Choice of calibration method depends on availability of validation data and on performance. Improperly calibrated models may contribute to higher costs of intervention as measured via clinical usefulness. Decision-makers must understand underlying utilities or costs inherent in the use-case at hand to assess usefulness and will obtain the optimal risk threshold to trigger intervention with intervention cost limits as a result.
在将预测模型应用于新环境之前,校准和临床实用性的分析与区分度同样重要,但目前对此讨论较少。校准是模型对预测中实际结果发生率的反映。临床实用性是指在实践中使用预测模型的效用、成本和危害。通过决策分析方法对校准和选择最佳干预阈值进行分析,可能有助于最大限度地提高再入院风险和其他预防干预措施的效果。
选择一种实用的校准预测模型的方法,该方法只需最少的验证数据,并且在实践中表现良好。通过临床实用性分析评估校准不当对效用和成本的影响。

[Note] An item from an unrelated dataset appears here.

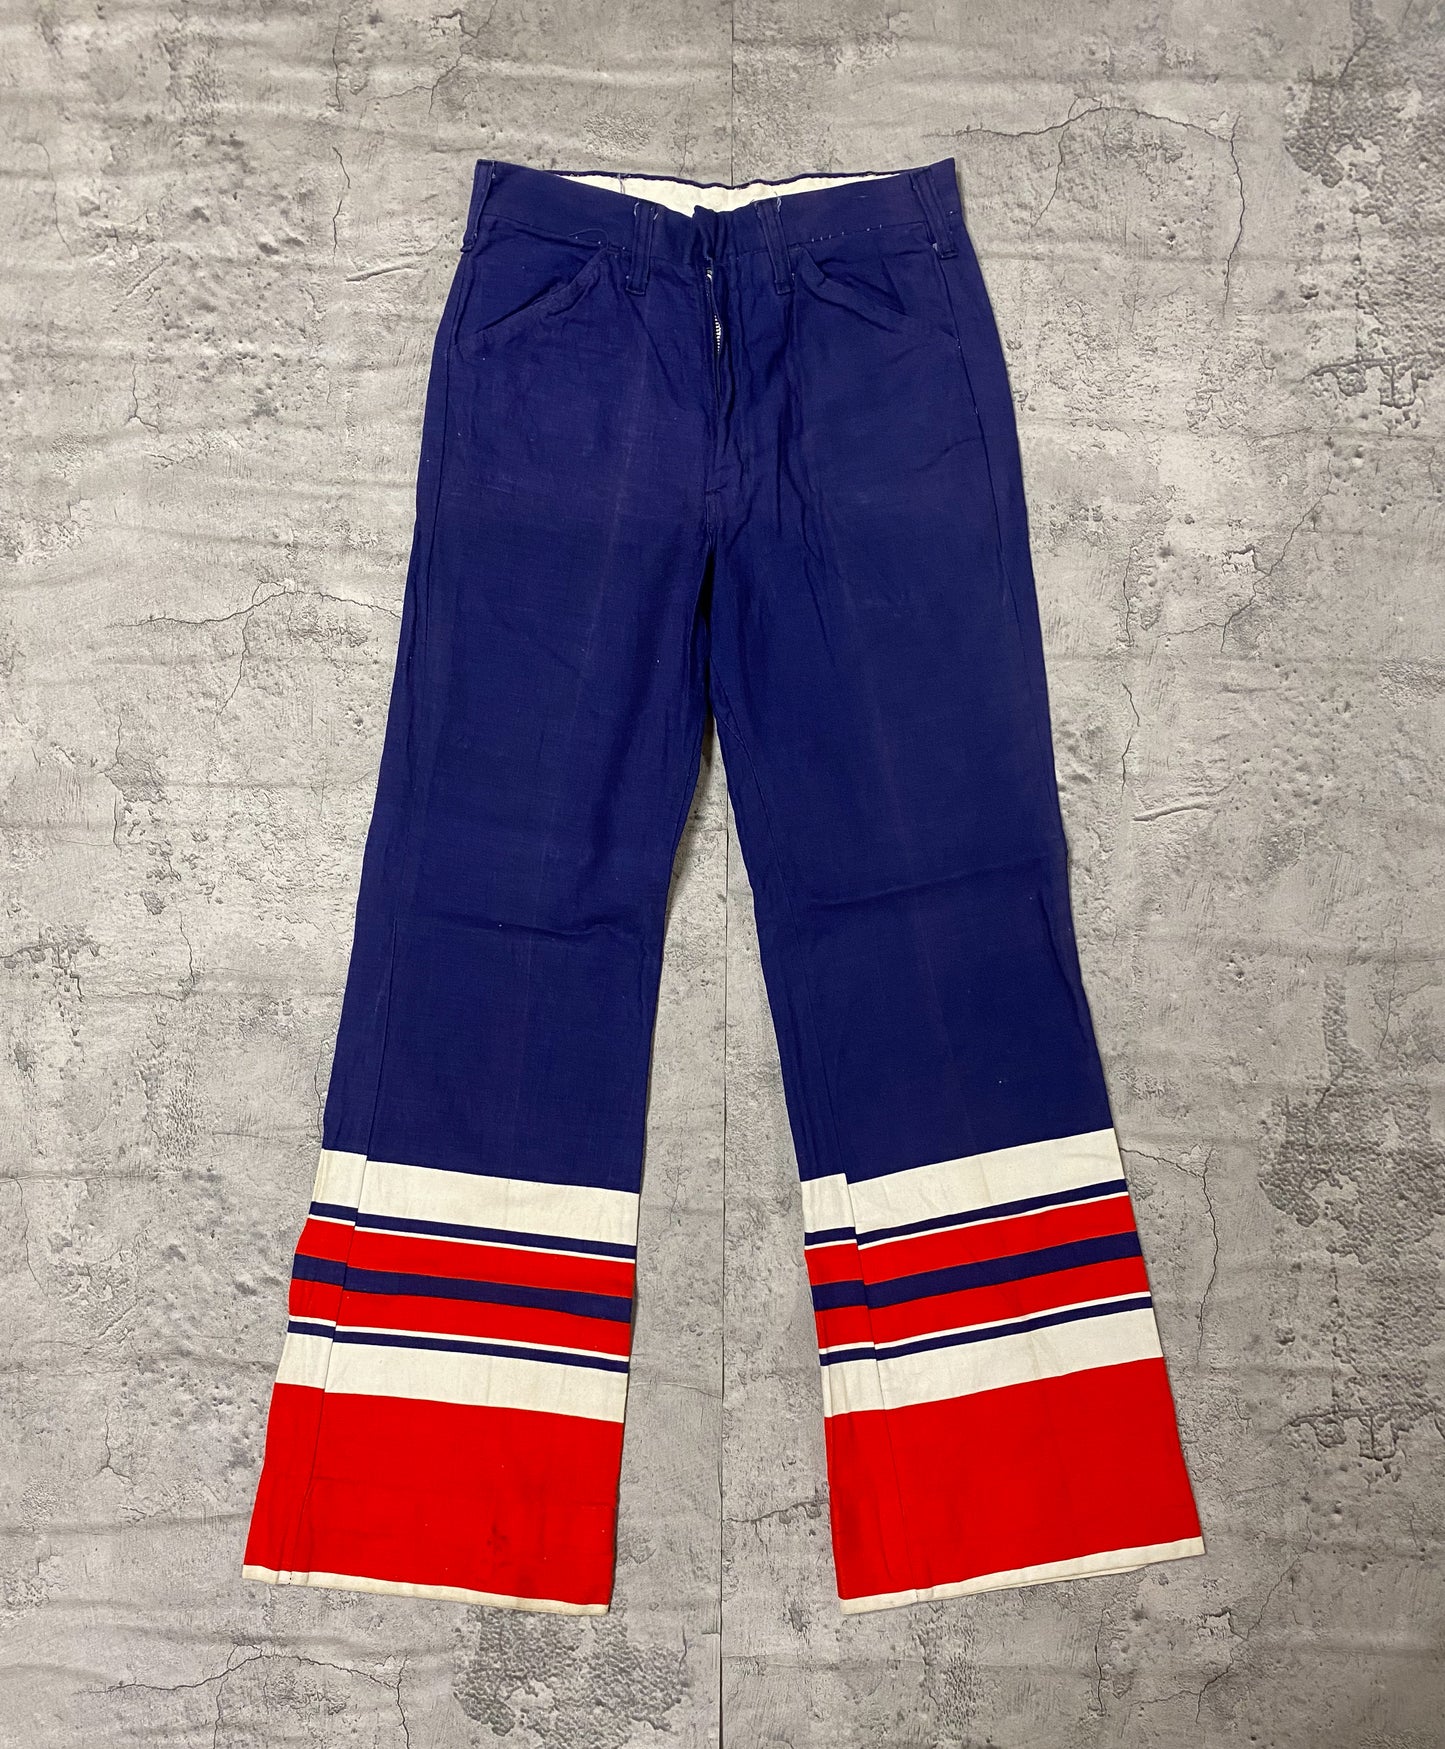 Tricolor Flared Pants vintage 70-80s

这是一项基于电子病历数据的观察性、回顾性队列研究,数据来自曼哈顿市一所城市学术中心的 12 万例住院患者。主要结局指标是 30 天内因三种原因(全因、充血性心力衰竭和慢性冠状动脉粥样硬化性疾病)的再入院。通过 L1-正则化逻辑回归进行预测建模。比较了几种校准方法,包括 Platt 缩放、逻辑校准和患病率调整。通过区分度(c 统计量)、校准(Spiegelhalter Z 统计量、分箱预测的均方根误差 [RMSE]、桑德斯和墨菲的 Brier 评分分辨率、校准斜率和截距)和临床实用性(效用项表示为成本)评估预测模型和校准的性能。还评估了应用每种校准算法所需的验证数据量。
根据诊断,c 统计量范围从全因再入院的 0.7 到充血性心力衰竭的 0.86(0.78-0.93)。逻辑校准和 Platt 缩放表现最好,这一差异需要同时分析校准的多个指标,特别是校准斜率和截距。临床实用性分析提供了最佳风险阈值,这些阈值因再入院原因、结果发生率和校准算法而异。效用分析还表明了最大可容忍干预成本,例如,基于发表的再入院成本 11862 美元,全因再入院的最高可容忍干预成本为 1720 美元。
校准方法的选择取决于验证数据的可用性和性能。校准不当的模型可能会导致干预成本增加,这可以通过临床实用性来衡量。决策者必须了解手头用例中固有的效用或成本,以评估效用,并根据干预成本限制获得最佳风险阈值,以触发干预。